Now, for the good stuff....
Reunion is really a culinary delight. The mix of cultural influences from France, Madagascar, India, China, Portugal, Indonesia, and other locals makes for a particularly vibrant mix of ethnicities, often all blended together in the same meal. Add in the fact that the island has a shockingly wide range of agricultural products of their own (guava, papaya, banana, sugar cane, pineapple, chayottes, and mangos in particularly all grow like, and sometime as, weeds, and there's a strong spice industry as well) makes for some particularly great, and sometime unique, ingredients to work with. There's also enough French influence (the island is actually part of France, not a colony) that if you are on an actual road, you are also guaranteed to be never more than a 20 minute drive from a decent boulangerie or patisserie, even when in the middle of the island in the mountains.

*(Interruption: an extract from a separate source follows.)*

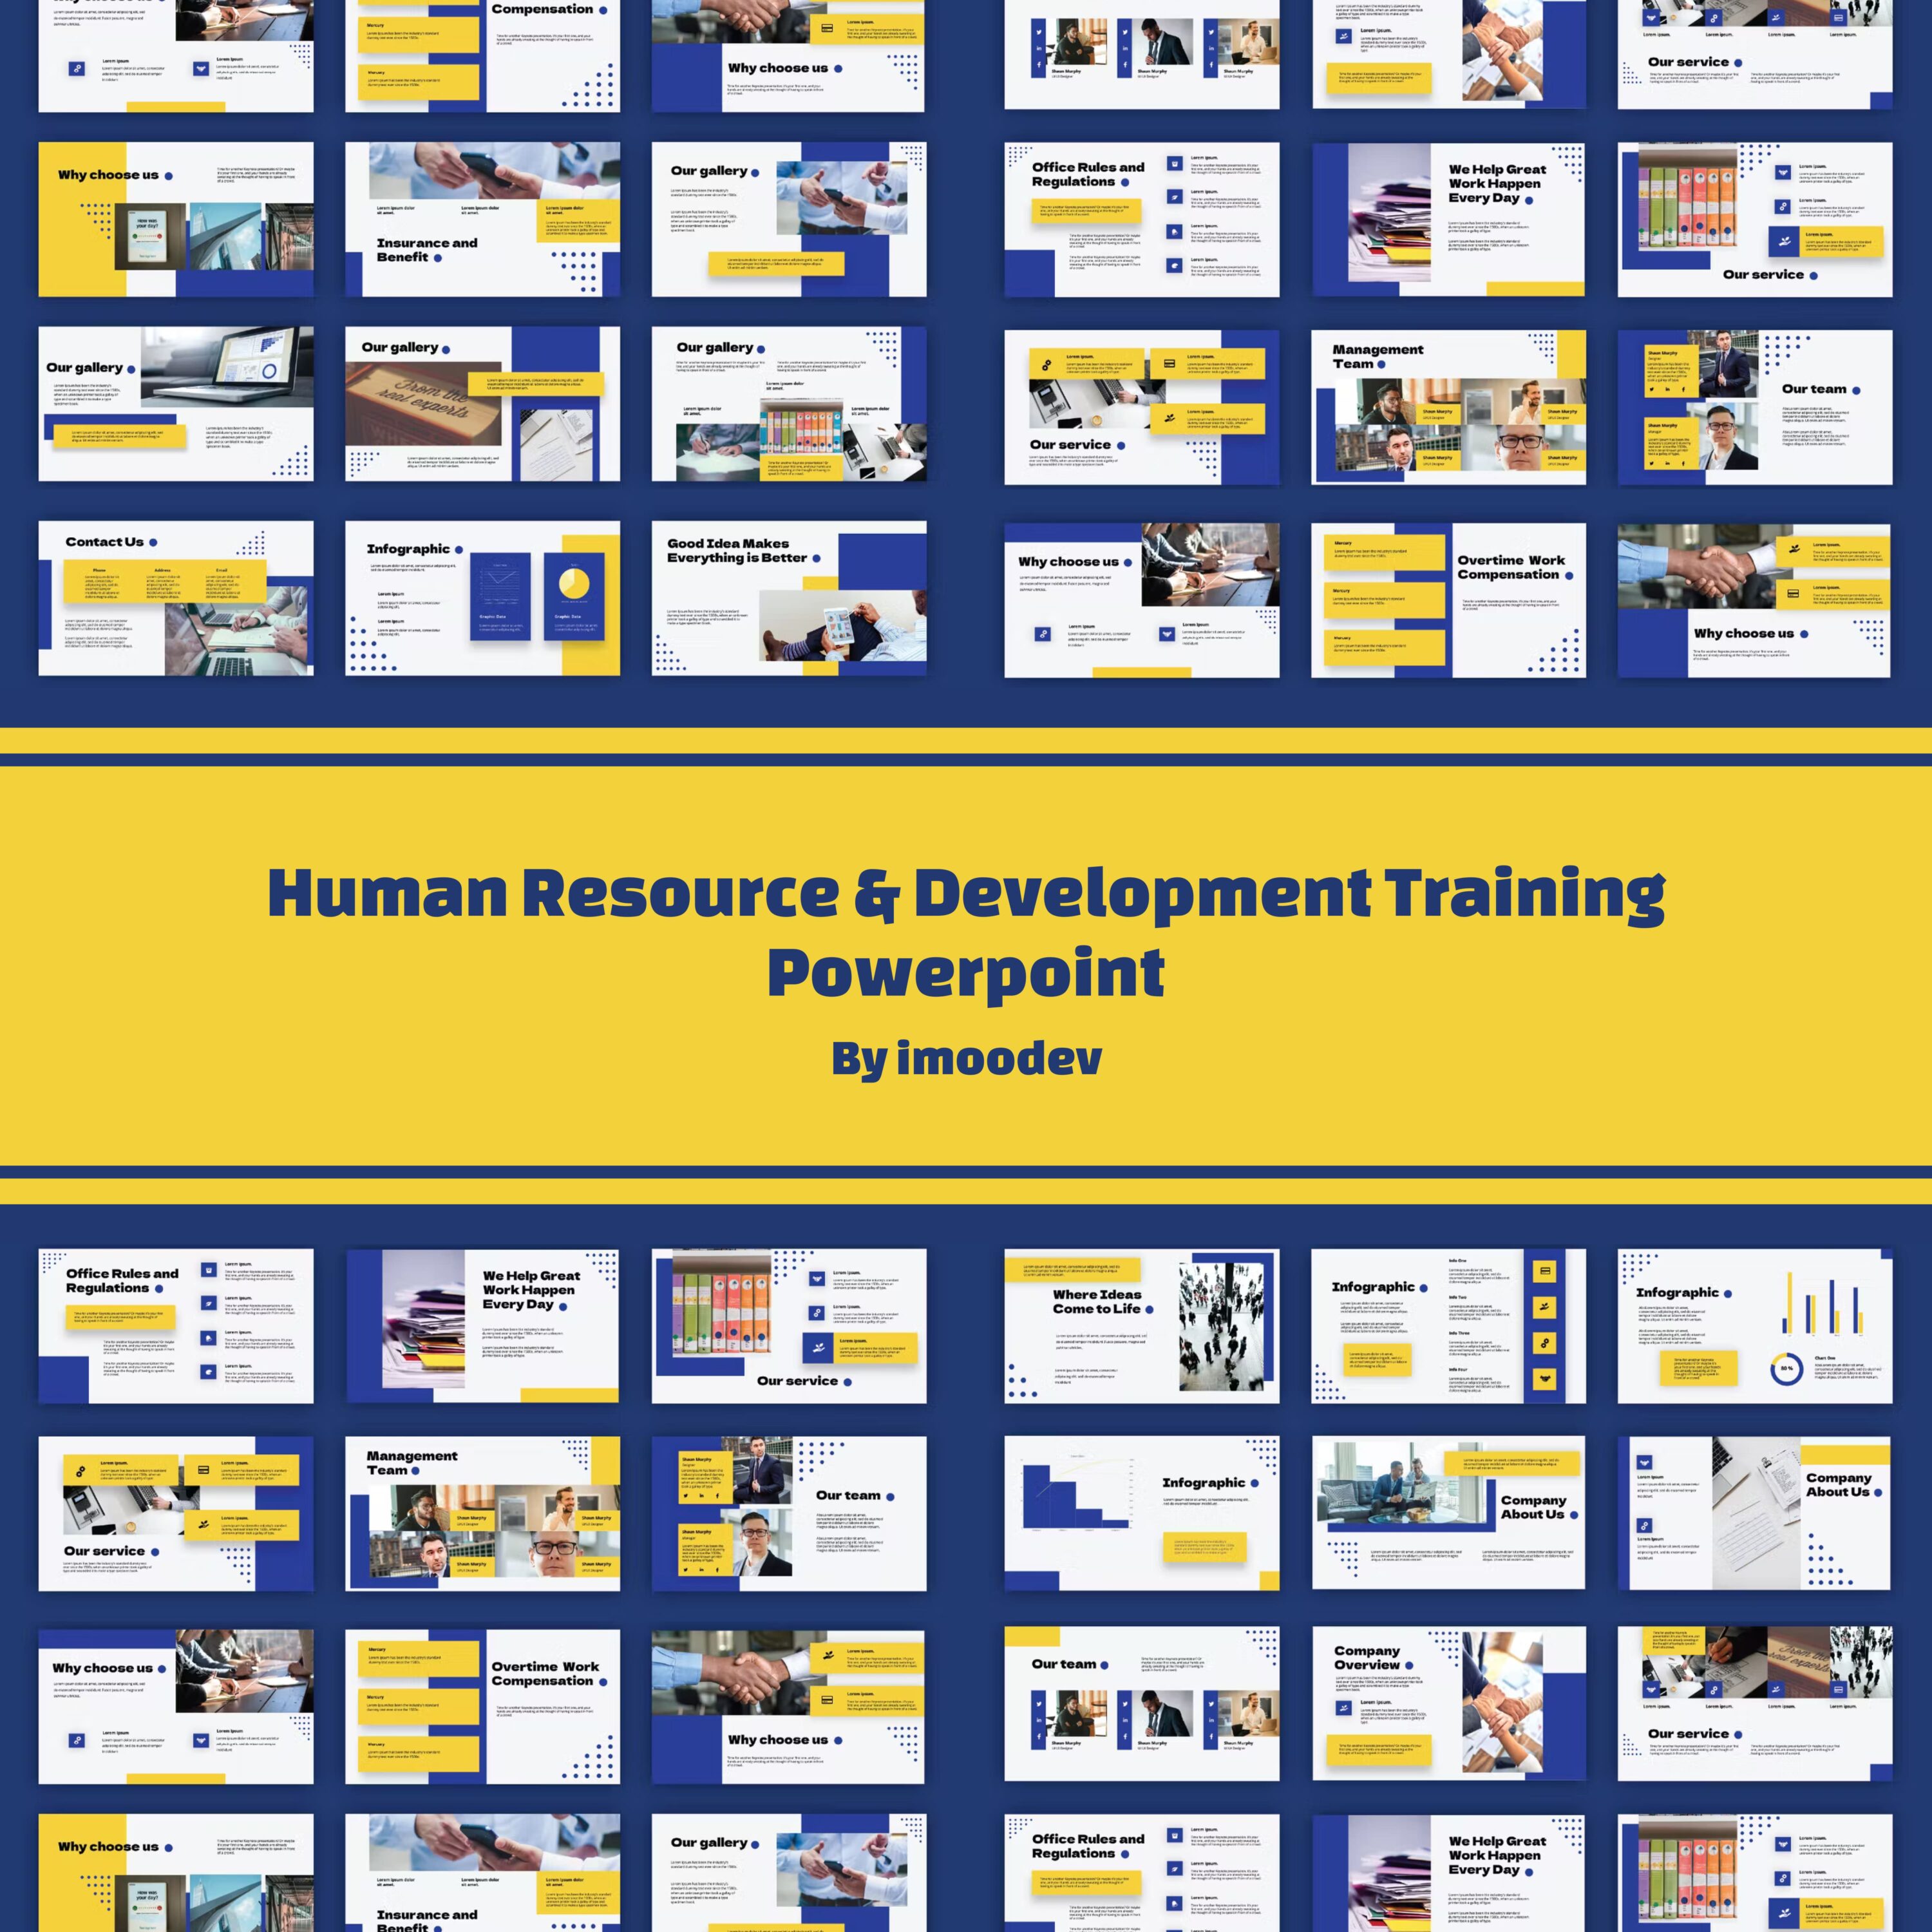 Human Resource & Development Training Powerpoint.

When it comes down to it, however, the foundation of nearly every single menu and meal is the "carri" (curry, also spelled "cari" or "cary"). A variant of the Indian-style curry, it's generally meat simmered in a sauce of tomatoes, onions, garlic, ginger, thyme, turmeric, and saffron, and can be found with just about every type of protein, ranging from chicken (carri poulet), to duck (carri canard), swordfish (carri espadon), shrimp (carri camarons), and even octopus (carri zourite). The carri is, without variation, served up with a mountain of rice, and some sort of simmered bean (lentils and lima beans being the most common). The carri itself is always very heavily spiced... but unlike Indian or Chinese curries, the carri itself is almost never actually hot in flavor: they don't use hot peppers in the carri itself. Much of this is a byproduct of the French not particularly liking hot food. But don't think that there isn't heat... Each carri is also served up with either "piment" (a hot-pepper salsa made with the tiny hot peppers grown locally), or a rougail, a spicy chutney that usually mixes tomato, garlic, ginger, and chile peppers, often with other local ingredients like lemon, lime (including kaffir limes), thyme, mango, and the like. And while a few of the rougails were more tart than hot, a few of them were about as fiery as you can imagine, so only a tiny little dab of rougail was enough to flavor your entire plate. More than a few times, my American Southwest-calibrated palate with many years of Indian and Thai experience surprised the locals with my love of some of their hottest rougails.... but just as many times I found myself having to search out a "carafe d'eau" to put out the fires.
Variants of the carri also exist. Confusingly, a "rougail" can also be the main dish itself, since a carri made with either smoked pork (boucane) or sausages (sausisses) is also known as a "rougail" (e.g. "rougail sausisses"). And there's a civet, with is a stew-like variant of a carri with more vegetables.
Breakfast is pretty much French-standard: bread (both baguettes and proper croissants being common), butter (one of the few French imports that was comment was Breton butter, oddly enough), and jams made from one or more of the island fruits (mango, guava, and pineapple being the most common, often with vanilla or other spices mixed in).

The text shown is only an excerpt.